Prostaglandins are a group of lipid, hormone-like substances derived from arachidonic acid [1]. They participate in a wide range of functions such as the contraction and relaxation of smooth muscle, the dilation and constriction of blood vessels, control of blood pressure, and modulation of inflammation [1]. Prostaglandins are one of several substances (along with histamine and tryptase) which are present in the preformed granules within mast cells [1,2]. When mast cells are activated by antigen cross-linking IgE on the cell surface they degranulate and the contents are released into the circulation [1,2]. Prostaglandin D2 (PGD2) is a strong bronchoconstrictor which plays a pharmacological role in allergic and asthmatic anaphylaxis, and in mast cell disease (e.g. systemic mastocytosis) [2,3]. It is synthesised predominantly in mast cells by the enzyme glutathione-dependent PGD synthase. PGD2 is unstable and therefore has a short half-life (1-30 minutes). It is readily broken down into various metabolites, a major metabolite being 11beta-PGF2alpha [1,4]. This metabolite shows greater stability over its precursor [1]. PGD2 is unstable and is readily broken down into various metabolites, major urinary metabolites being 11beta-PGF2alpha and tetranor-prostaglandin DM (PGDM) [1,4,5]. The concentration of PGDM is reflective of the concentration of its precursor PGD2 therefore the measurement of urine PGDM of may be useful in investigations into allergic and asthmatic anaphylaxis, and mast cell disease (e.g. systemic mastocytosis) [4,6]. It is recommended that prostaglandin levels are measured on a 24 hour urine sample when investigating mast cell activation syndrome (MCAS) as symptom flares and the short half-life of mast cell mediators can lead to a normal result in spot urine samples [7,8]. Some patients with MCAS may not have raised mast cell mediator levels (tryptase, urine methylhistamine and prostaglandins) unless they are symptomatic. If there is good clinical history but negative results, it is recommended that the tests are repeated on a spot urine sample when the patient is symptomatic [7,8].


Indications

Investigation of Mast Cell Activation Syndrome (MCAS) and anaphylaxis.


Sample Type

5mL urine, no preservative. 24 hour collection advised if investigation MCAS. Spontaneous urine sample following allergic reaction followed by a baseline sample taken 24 hours post reaction if investigating anaphylaxis.
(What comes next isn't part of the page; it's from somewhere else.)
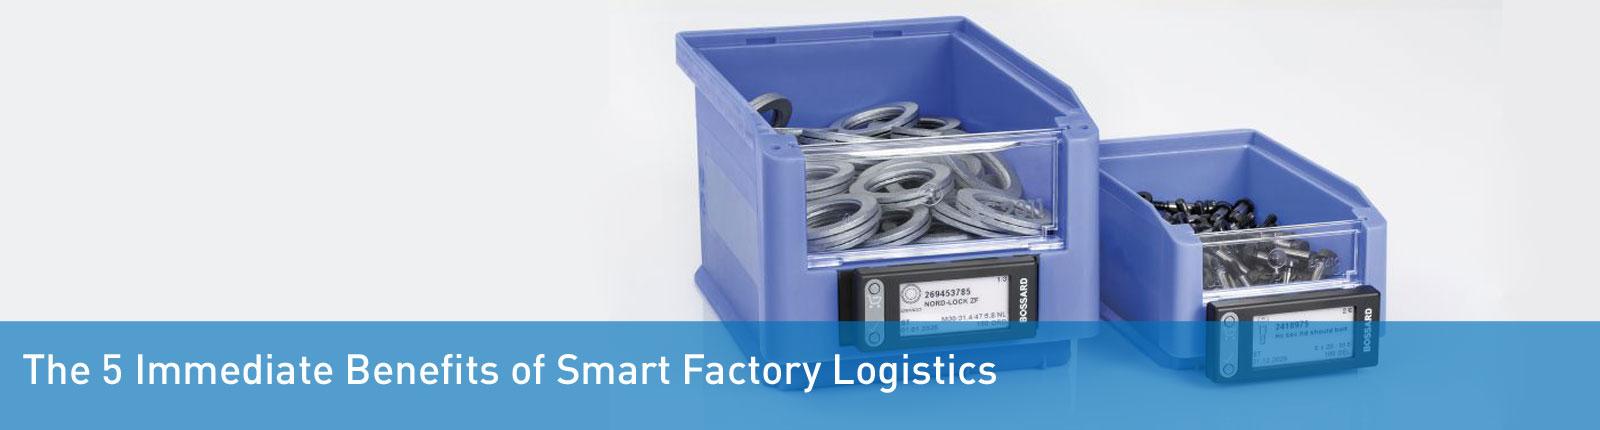 Smart Factory Logistics benefits

Requests from outside Sheffield: Freeze sample prior to dispatch and transport frozen sample at ambient temperature via Royal Mail or Courier (dry ice not required).


Reference Range

Normal range <2300ng/mmol creatinine.

Normal range verified in-house.


Turnaround Time

Within 4 weeks


Testing Frequency

3 weeks


References

Ricciotti E. FitzGerald GA. Prostaglandins and Inflammation. Arterioscler Thromb Vasc Biol. 2011; 31(5): 986-1000. [Ref 1].
Frieri M, Patel R and Celestin J. Mast Cell Activation Syndrome: A Review. Curr Allergy Asthma Rep. 2013; 13: 27-32. [Ref 2].
Molderings GJ, Brettner S, Homann J, et al. Mast cell activation disease: a concise practical guide for diagnostic workup and therapeutic options. Journal of Haematology & Oncology. 2011; 4: 1-10. [Ref 3].
Ono E, et al. Increased production of cysteinyl leukotrienes and prostaglandin D2 during human anaphylaxis. Clinical and Experimental Allergy 2008:39; 72-80. [Ref 4].
Song, WL et al. Tetranor PGDM, an Abundant Urinary Metabolite Reflects Biosynthesis of Prostaglandin D2 in Mice and Humans. The Journal of Biological Chemistry 2008:283(2); 1179-1188. [Ref 5].
Higashi,N et al. Urinary tetranor-PGDM concentrations in aspirin-intolerant asthma and anaphylaxis. Journal of Allergy and Clinical Immunology. 2011: 129 (2); 557-559.e2 [Ref 6].
Afrin LB. Presentation, diagnosis and management of mast cell activation syndrome. Mast cells. 2013. Chapter 6, pp 155-231. [Ref 7]
Akin C, Valent P and Metcalf D. Mast cell activation syndrome: Proposed diagnostic criteria: Towards a global classification for mast cell disorders. J Allergy Clin Immunol. 2010. 126(6): 1099-1111. [Ref 8].


See Also

Prostaglandin D2
Prostaglandin F2 Alpha
Urine Methylhistamine
Tryptase

Please note: the above information is subject to change and we endeavour to keep this website up to date wherever necessary.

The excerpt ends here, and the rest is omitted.